Malfatti rapporte qu’il avait été clair avec Franz. “Au printemps de l'année 1831, le prince fit son entrée dans la carrière des armes. Dès ce moment, il rejeta tous mes conseils ; je ne fus plus que spectateur d'un zèle sans mesure, d'un emportement hors des limites pour ses nouveaux exercices. Il crut ne devoir écouter désormais que sa passion, qui entraînait son faible corps à des privations et à des fatigues absolument au-dessus de ses forces. Il eût regardé comme une honte, comme une lâcheté de se plaindre sous les armes. D'ailleurs, j'avais toujours à ses yeux le tort grave d'avoir retardé sa carrière militaire ; il paraissait redouter que mes observations ne vinssent encore l'interrompre. Aussi, quoiqu'il me traitât avec une extrême bienveillance dans les relations sociales, comme médecin, il ne me dit plus un seul mot de vérité. Il me fut impossible de le déterminer à reprendre l'usage des bains muriatiques et des eaux minérales, qui lui avaient été si utiles l'année précédente. Le temps lui manquait, me disait-il. Plusieurs fois, je le surpris, à la caserne, dans un état d'extrême fatigue. Un jour, entre autres, je le trouvai couché sur un canapé, épuisé de forces, exténué. Ne pouvant me nier alors l'état pénible où je le voyais réduit : 

« - J'en veux, me dit-il, à ce misérable corps, qui ne peut pas suivre la volonté de mon âme ! 

« - Il est fâcheux, en effet, lui répondis-je, que Votre Altesse n'ait pas la faculté de changer de corps comme elle change de chevaux, lorsqu'elle les a fatigués. Mais, je vous en conjure, monseigneur, faites attention que vous avez une âme de fer dans un corps de cristal, et que l'abus de la volonté ne peut que vous devenir funeste.” (Alexandre Dumas Père- Mémoires )


En cet été 1831, la famille impériale l’avait rejoint à Schönbrunn, sauf Marie-Louise qui avait regagné Parme. Reichstadt, désormais sans activité militaire, avait retrouvé l’archiduchesse Sophie. Il passait avec elle dans le château ou les jardins de tendres heures. Pour le distraire, l’empereur l’emmenait aux grandes manœuvres et le faisait assister au Kriegspiel ( jeu de la guerre ) avec les généraux. Il lui permit même à la revue finale de prendre pour un jour le commandement de son bataillon et de défiler à sa tête devant toute la cour.
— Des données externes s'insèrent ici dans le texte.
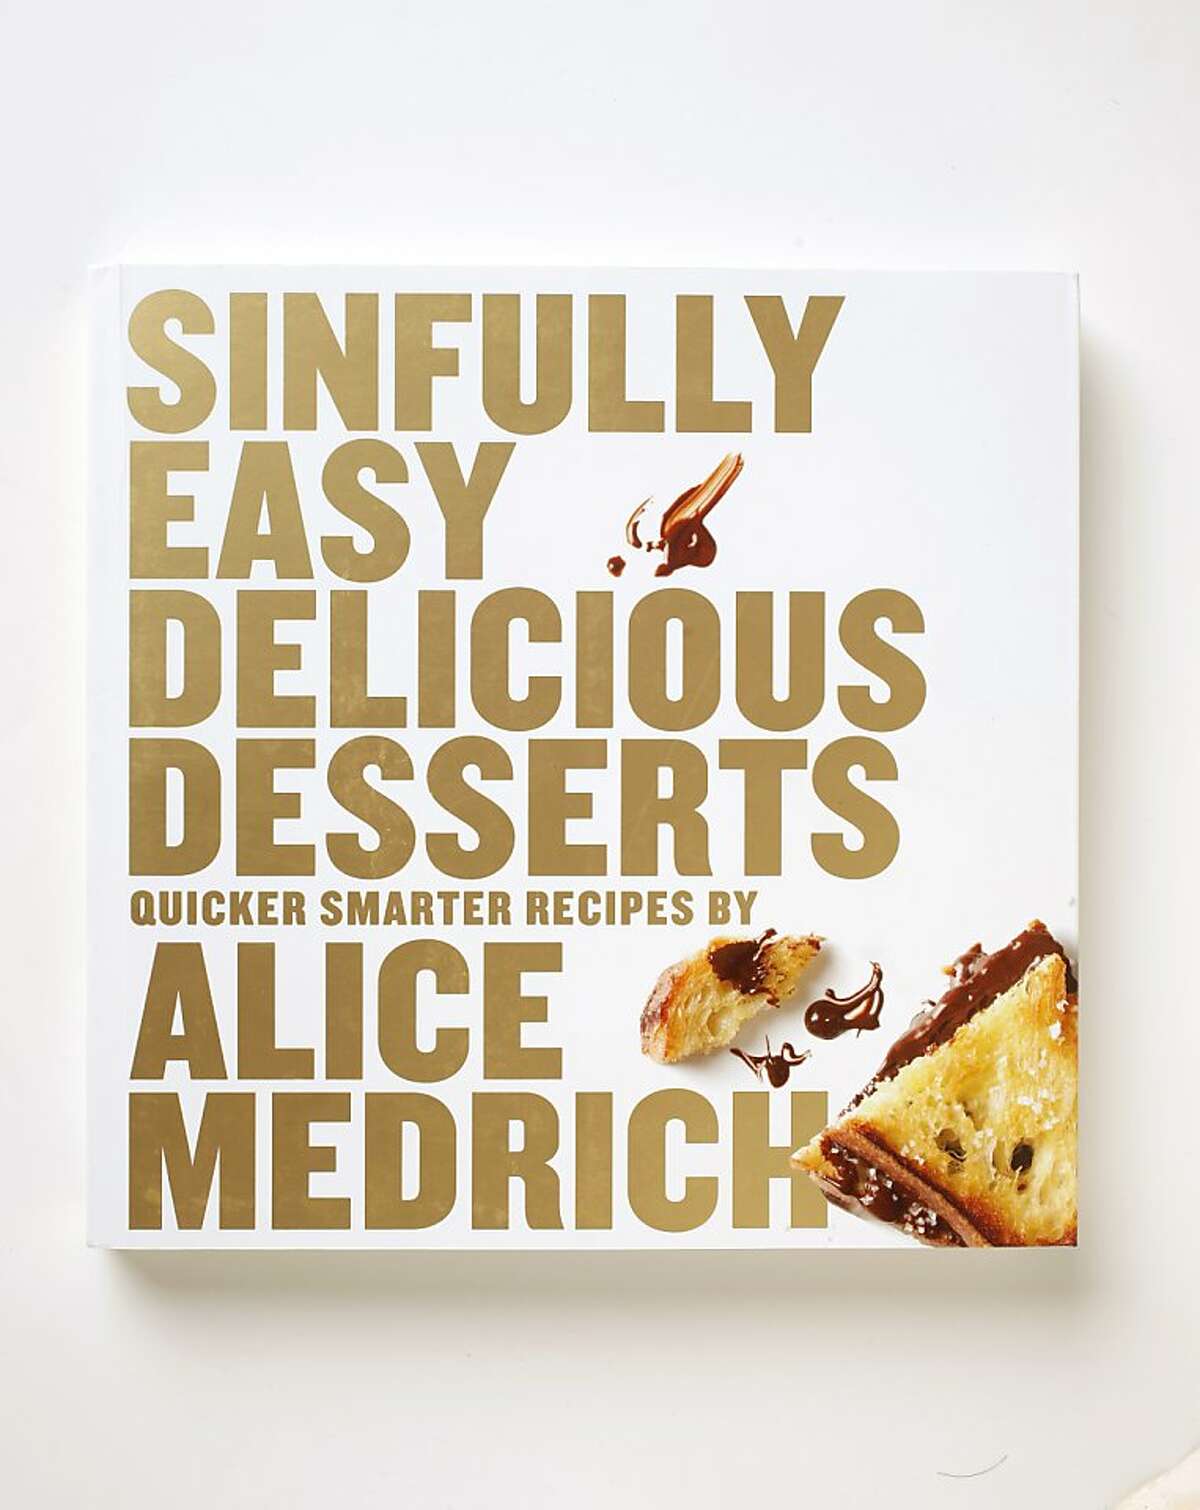 "Sinfully Easy Delicious Desserts," by Alice Medrich, as seen in San Francisco, California on Wednesday, June 20, 2012.

Malfatti, le médecin qui s’était souvent occupé de Sophie pendant sa grossesse, et en lequel toute la famille impériale avait une grande confiance, fut accusé pour le moins de négligence avec le duc de Reichstadt, voire de complicité d’assassinat, obéissant ainsi aux ordres de Metternich. La négligence fut possible mais jamais un ordre de laisser mourir le duc de Reichstadt ne lui fut donné. Le seul remède que Malfatti, compte tenu des connaissances médicales de l’époque, pouvait ordonner,  était une cure au soleil d’Italie. Mais les aléas de la politique ne le permettait pas. Même si Metternich n’avait pas été aussi intransigeant, il est probable que Louis-Philippe, au trône à peine assuré, aurait demandé des comptes de la présence du prince sur le sol italien. La famille impériale ne semble pas lui en avoir voulu car en 1837, il fut créé comte de Montergio.

 


 Le duc de Reichstadt sur la place d'armes le 30 novembre 1831


Dietrichstein, toutefois, commença à se méfier du Dr Malfatti et en avertit Marie-Louise, hélas trop tard. Une fois l’épidémie de choléra terminée, le prince put reprendre ses activités militaires. 
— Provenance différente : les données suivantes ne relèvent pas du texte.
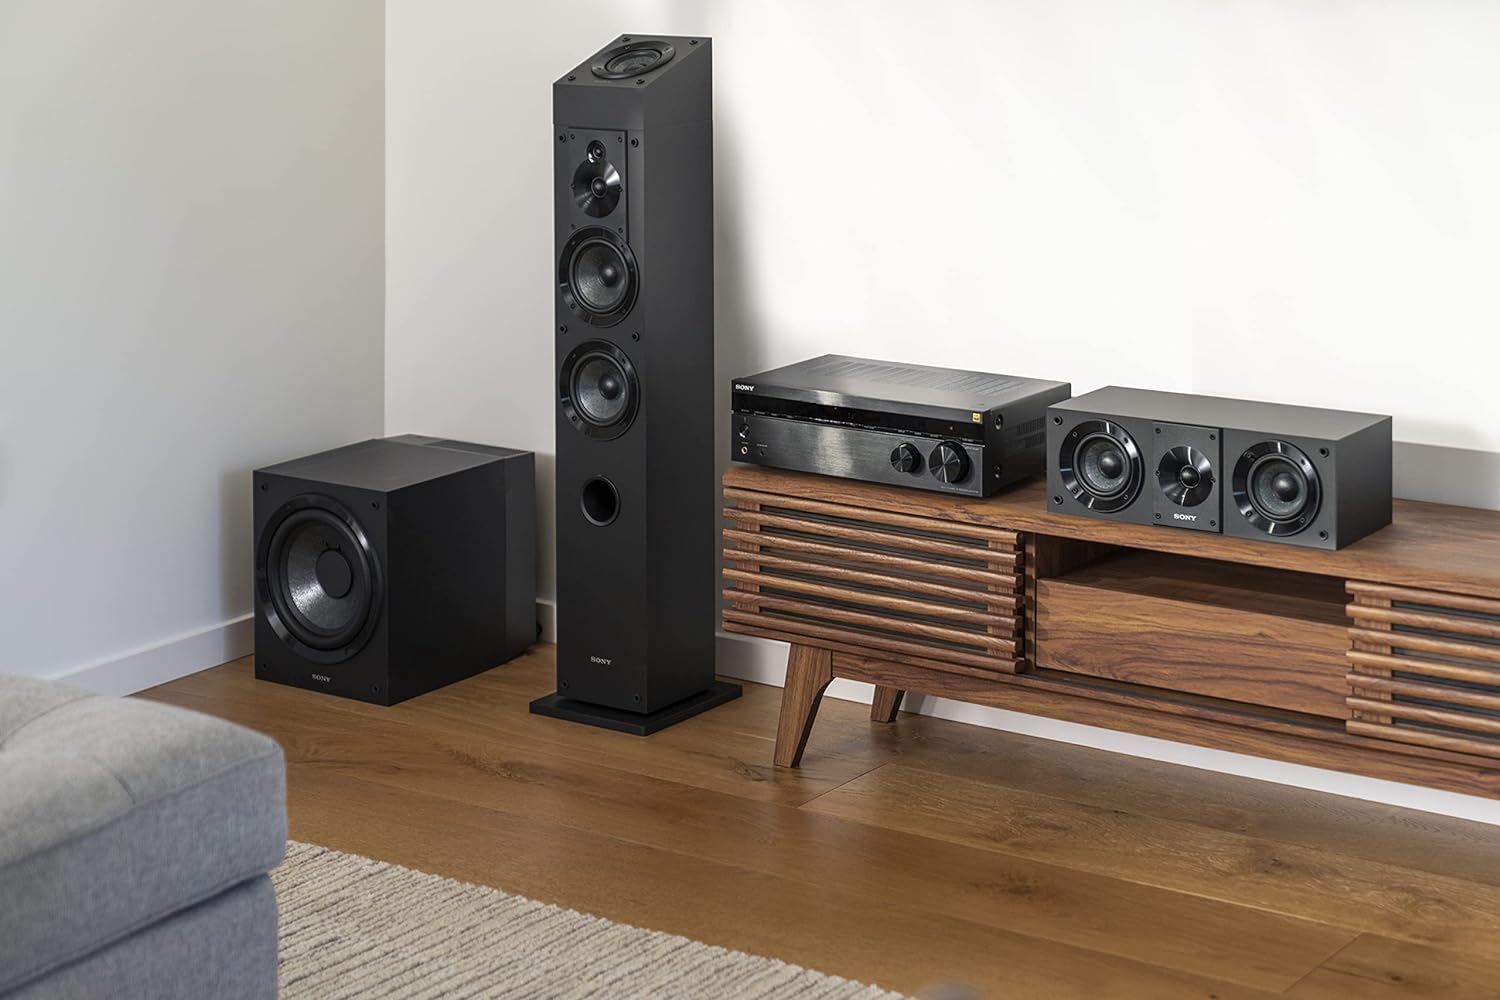 Sony 5.2Ch AV Receiver: What You Need To Hook Up Speakers

Le 9 janvier 1832, “La baronne Louise de Sturmfeder, gouvernante de François-Joseph, vit de sa fenêtre le prince passer en revue en compagnie de son bataillon qui allait prendre la garde. Madame l’archiduchesse, le petit (François-Joseph) et moi, nous sommes restés plus d’un quart d’heure à la fenêtre pour regarder le duc de Reichstadt passer aujourd’hui l’inspection de la garde. Une foule de curieux s’était assemblée pour le voir. Il paraissait prendre son service très au sérieux et cherchait autant qu’il m’a semblé à imiter son père dans son attitude et sa manière de porter son chapeau. L’archiduchesse Sophie à qui j’avais fait par de mes observations me dit que c’était en effet son seul but. Après avoir terminé son inspection, il monta avec beaucoup d’adresse sur un petit cheval noir puis il partit au galop, suivi de l’aide de camp, et accompagné des cris de joie, derrière la fenêtre fermée de mon petit qui l’appelle « Ada ».”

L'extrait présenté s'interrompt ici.